Carpalín partió al instante y acató al pie de la letra las órdenes de Pantagruel. Y, una vez que hubo prendido fuego por todas las tiendas del campamento, pasó ligeramente por entre ellos, como un ninja, sin que siquiera llegaran a sospechar de su presencia: tan profundo dormían como troncos, incluso roncaban. Llegó Carpalín al lugar donde estaba la artillería, y también prendió fuego a los polvorines. Pero –¡qué horror!– la explosión fue tan súbita y tan intensa que por poco carboniza al pobre Carpalín. Si no fuera por su prodigiosa velocidad y agilidad, habría terminado hecho fricassé… pero, por fortuna, partió tan rápido que un dardo de ballesta no habría podido ni rozarle. Y, cuando ya estaba fuera de las trincheras que rodeaban el campamento, gritó a todo pulmón, con una voz tan terrorífica que parecía que todos los demonios del infierno se hubieran desatado y andaran a sus anchas por la Tierra. Tal sonido despertó a todos los enemigos, pero, ¿sabéis como? Igual de aturdidos que si se hubieran despertado en la Plaza de España de Alcora un Viernes Santo al mediodía, justo a quemarropa de la Trencà de l’Hora. Y, mientras tanto, se puso Pantagruel a sembrar la sal gorda que llevaba en el bote que usaba de riñonera; y, como dormían todos con la boca abierta, le llenó a cada uno todo el gaznate, haciendo a todos aquellos pobres diablos toser como locomotoras:

–¡Ah, Panta–¡cof!–gruel, ¡cof! nos aña–¡cof!–des leña ¡cof! al fue–¡cof!–go!

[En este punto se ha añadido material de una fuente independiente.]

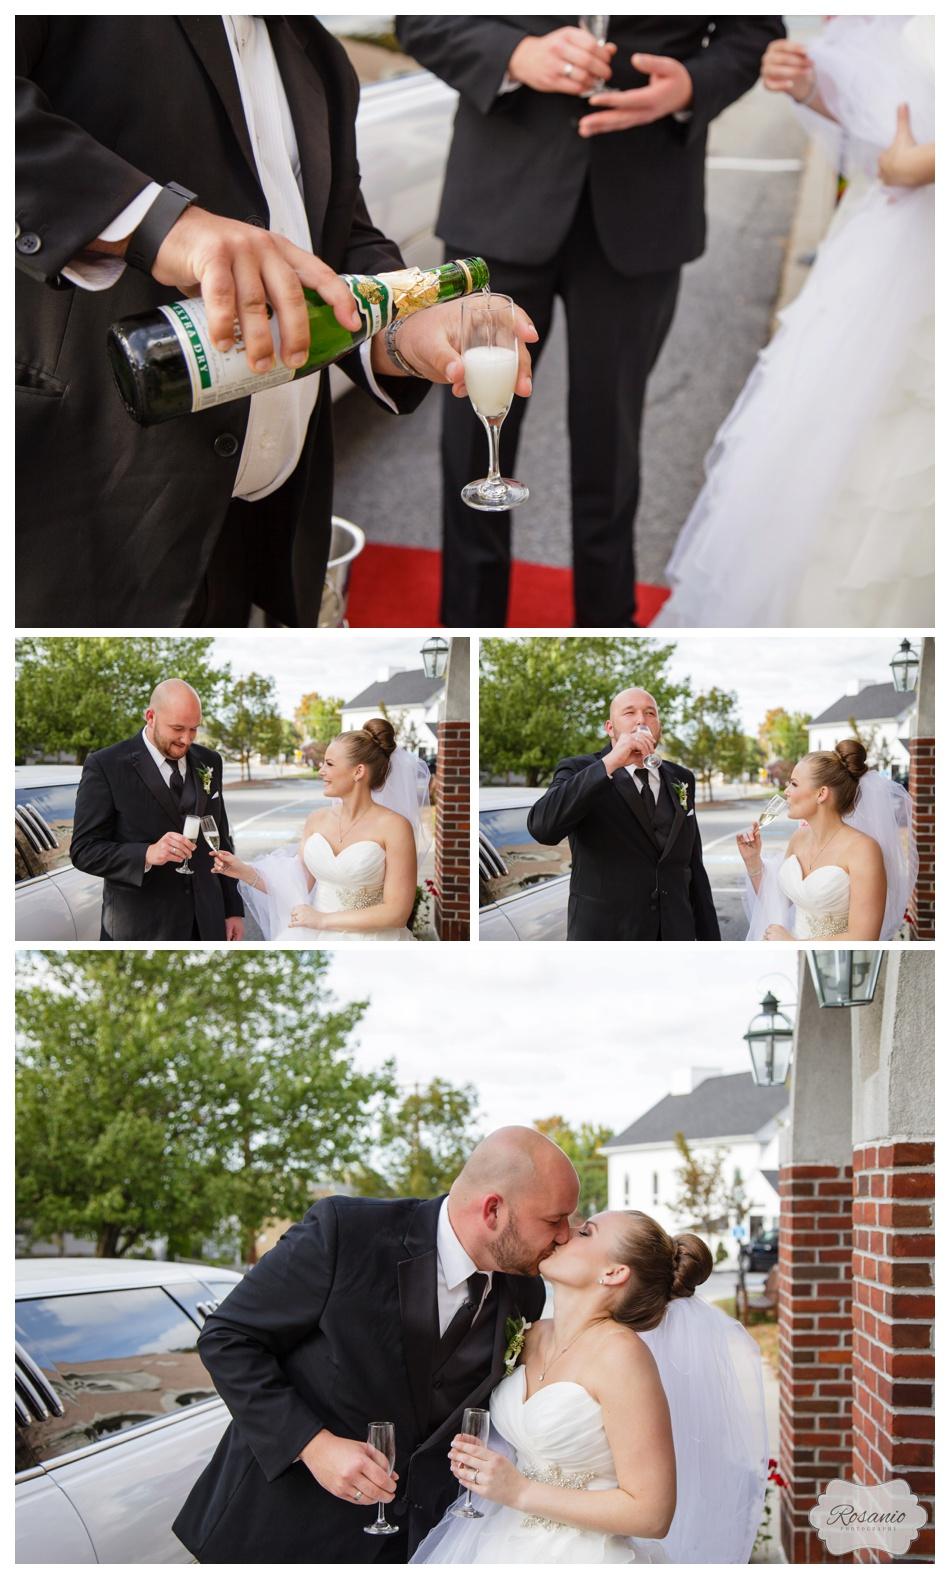 Rosanio Photography | Diburro's Haverhill MA | Massachusetts Wedding Photographer_0053.jpg

De repente, le vinieron ganas de orinar a Pantagruel, debido a los diuréticos que le había administrado Panurgo, y aligeró la vejiga en medio del campamento enemigo con tan copiosa descarga que les ahogó a todos; y hubo diluvio particular en diez leguas a la redonda. Dice M. Rabelais, remontándose a la Historia apócrifa, que si la gran yegua de su padre hubiera orinado de igual modo, saldría un diluvio igual al de Noé, o al de Deucalión y Pirra, ya que la única vez que se registra el caudal de aquella yegua, no surgió de allí un río más caudaloso que el Ródano (siendo el origen del Ródano dicha legendaria yegua de Gargantúa).

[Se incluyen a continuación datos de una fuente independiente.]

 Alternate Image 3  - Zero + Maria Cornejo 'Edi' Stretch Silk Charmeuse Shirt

Los enemigos supervivientes, entre ellos el rey Anarco y sus generales más fieles, como el Licántropo –que lo veían todo a la luz de las tiendas en llamas y de unos cuantos rayos de luna–, tras haber despertado, vieron de un lado el incendio de su campamento; y del otro, el diluvio urinario. No sabían qué decir ni qué pensar. Unos opinaban que era el fin de los días y el Juicio Final, y que todos los culpables serían consumidos por el fuego; otros, que los dioses marinos –Neptuno, Poseidón, Rán, Ägir y demás– les perseguían, ya que, de hecho, aquel diluvio era de agua salada.

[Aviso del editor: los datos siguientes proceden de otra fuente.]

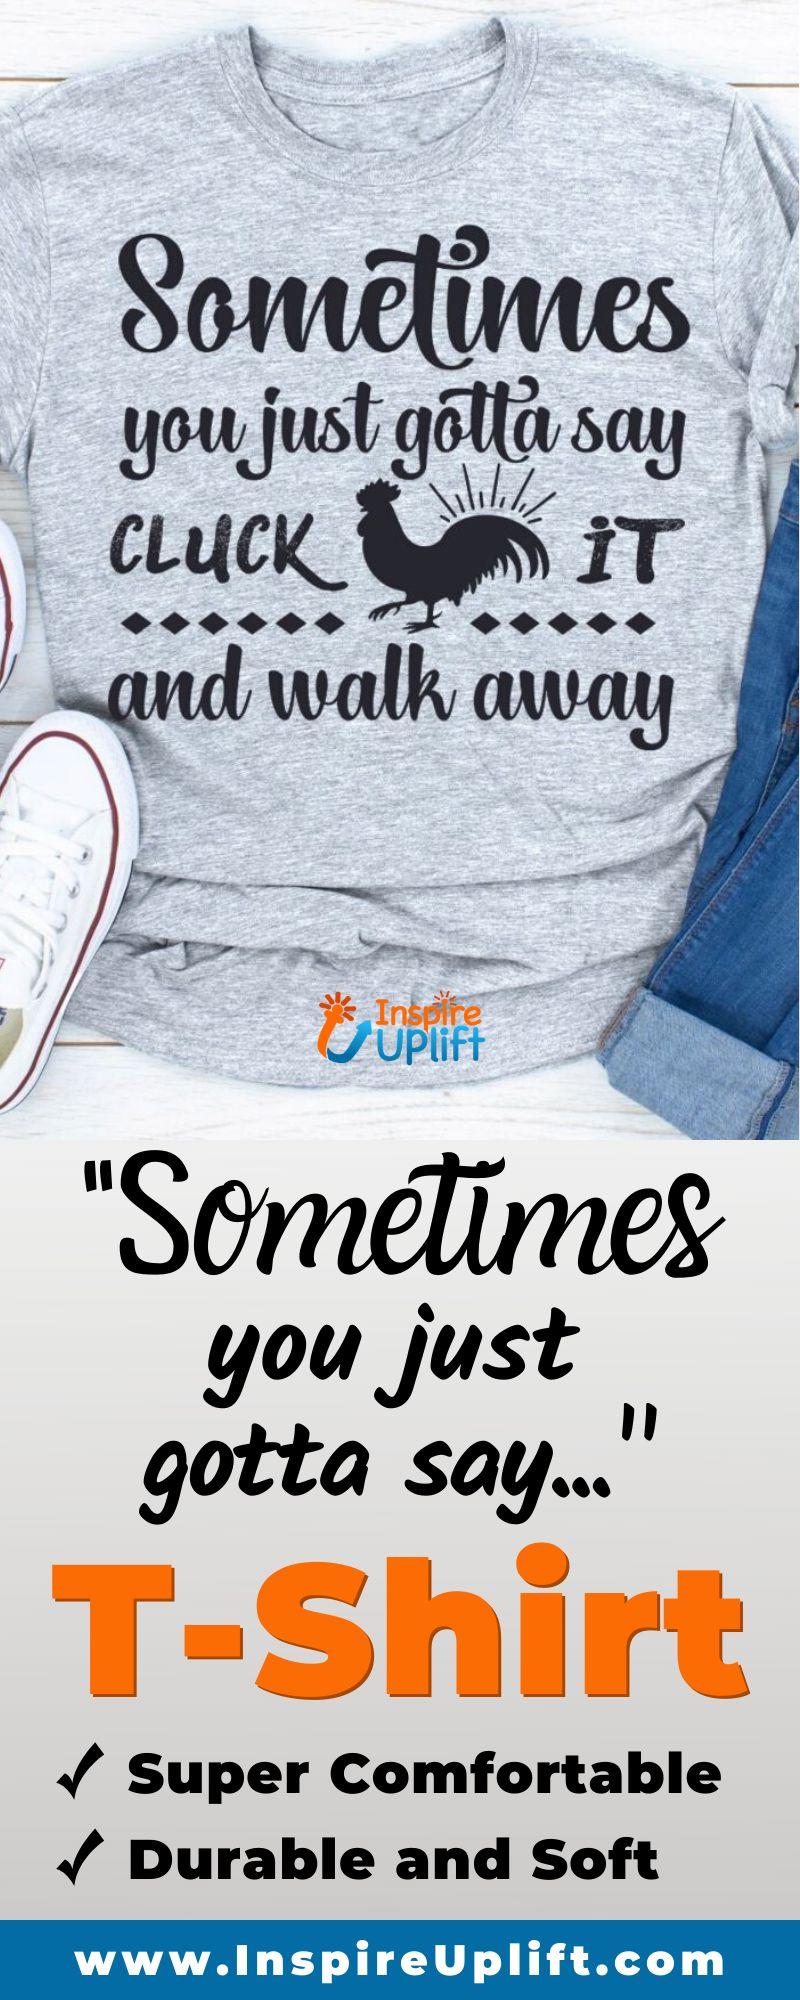 Sometimes You Just Gotta Say... T-Shirt 😍 InspireUplift.com

Oh, ¿quién podría explicar cómo se portó Pantagruel durante el combate del día siguiente? ¡Oh mis musas, mi Calíope, mi Talía! ¡Inspiradme ahora, restaurad la lucidez de mi mente! Pues he aquí la paradoja, he aquí la catapulta, he aquí el escollo, he aquí la dificultad de poder describir la cruelta batalla que se libró. Ay, ¡si yo tuviera una copa del mejor vino que jamás beberán quienes leen esta historia tan verídica!